- **What the exercise asks**: Write out exactly the lines of the entries below from the one holding "Aries Zodiac Layering Charm Necklace Set" to the one holding "Cosmetic Branding Mockup", inclusive, and leave out all other lines.

- **Material to process**:
....
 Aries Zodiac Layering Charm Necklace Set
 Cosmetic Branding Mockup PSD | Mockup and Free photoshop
....
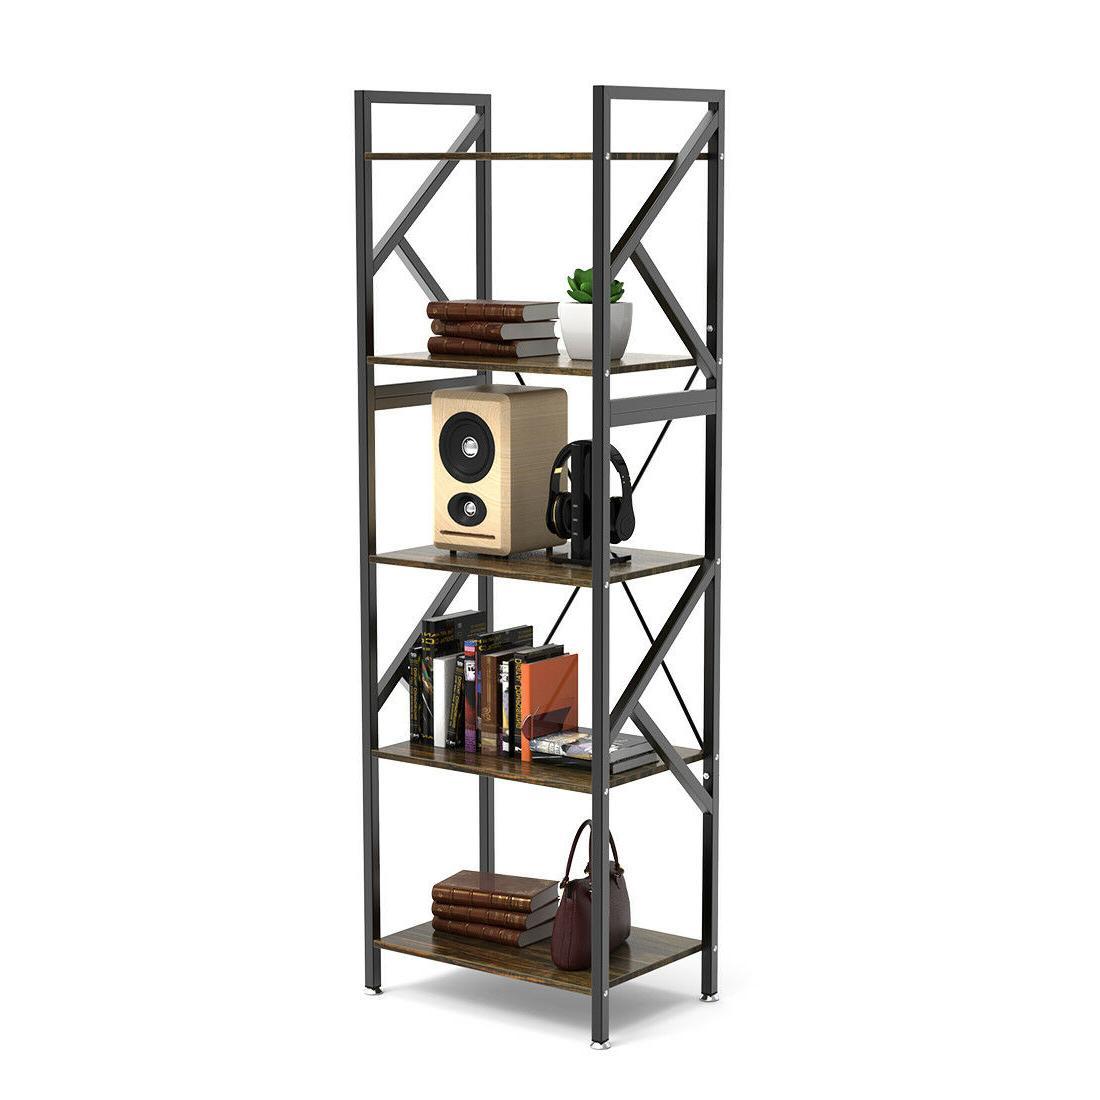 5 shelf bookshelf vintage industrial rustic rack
....
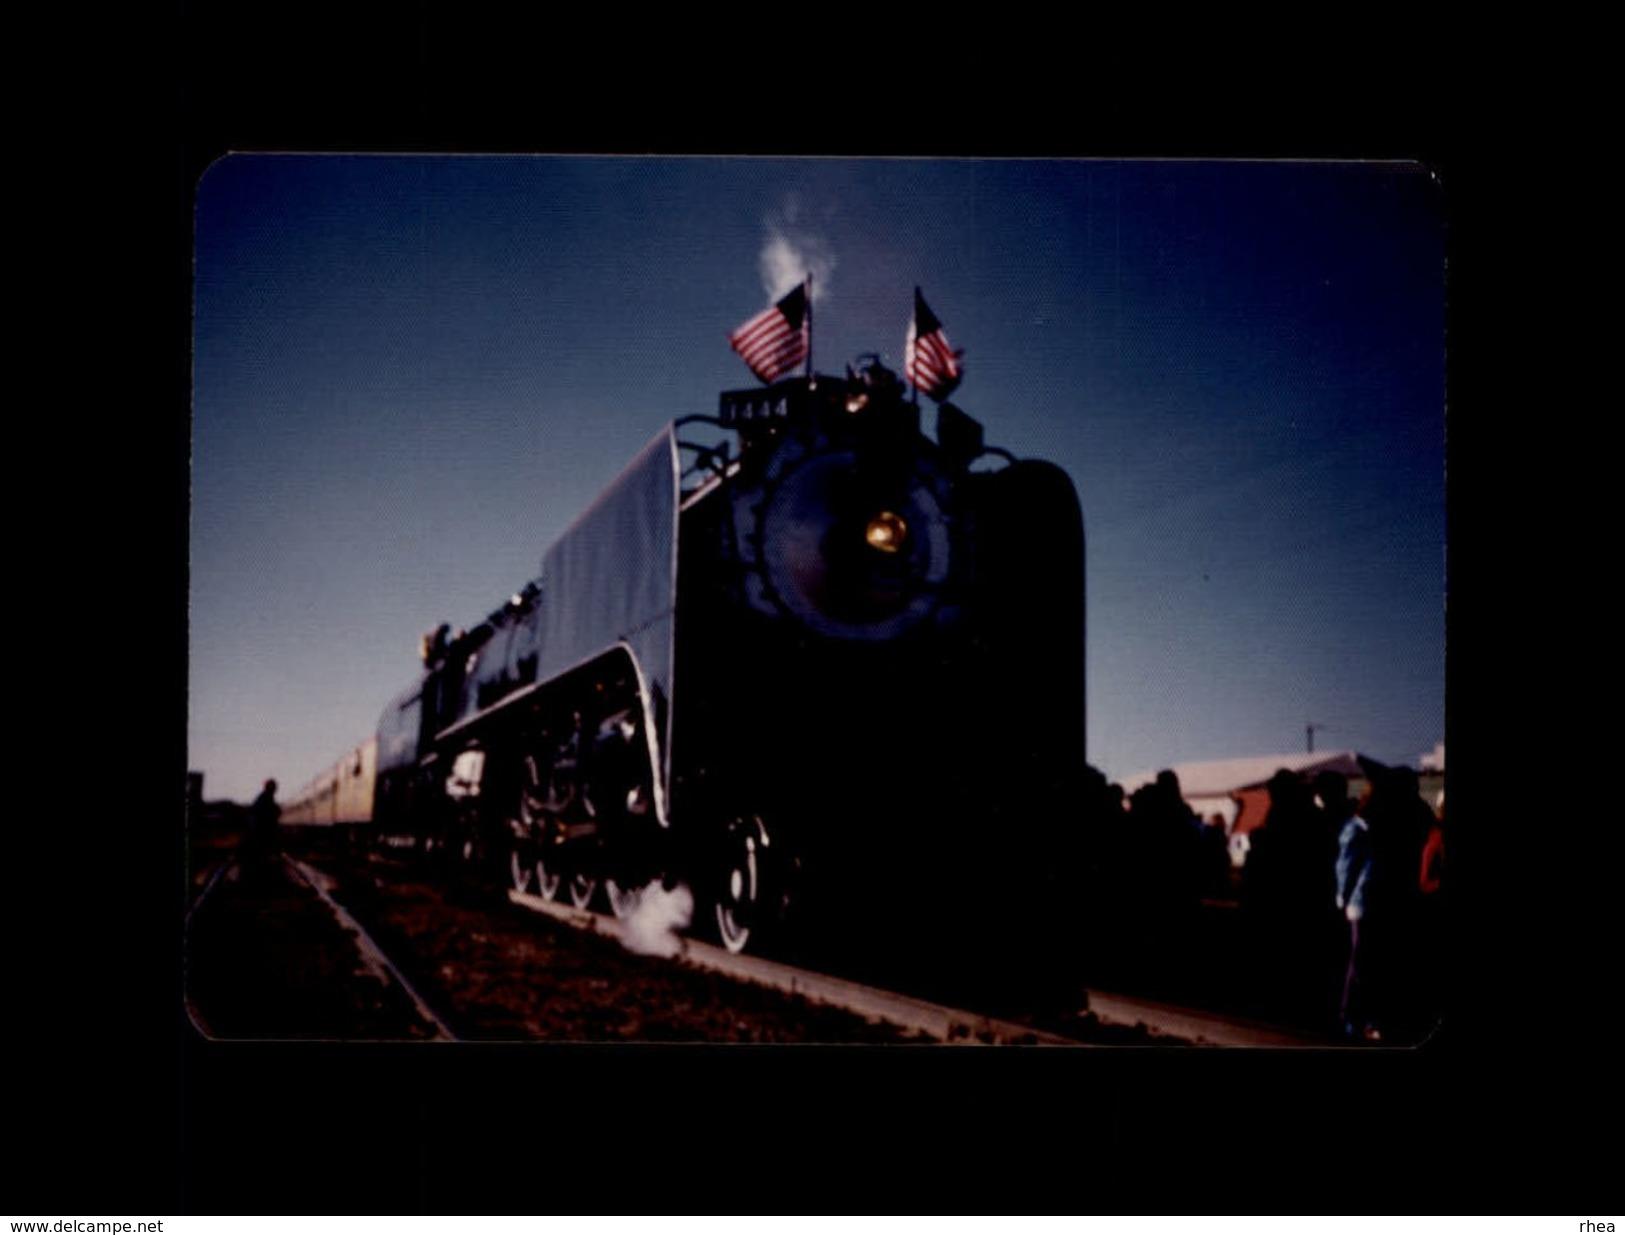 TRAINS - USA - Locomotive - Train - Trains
....
- **Task solution**:
 Aries Zodiac Layering Charm Necklace Set
 Cosmetic Branding Mockup PSD | Mockup and Free photoshop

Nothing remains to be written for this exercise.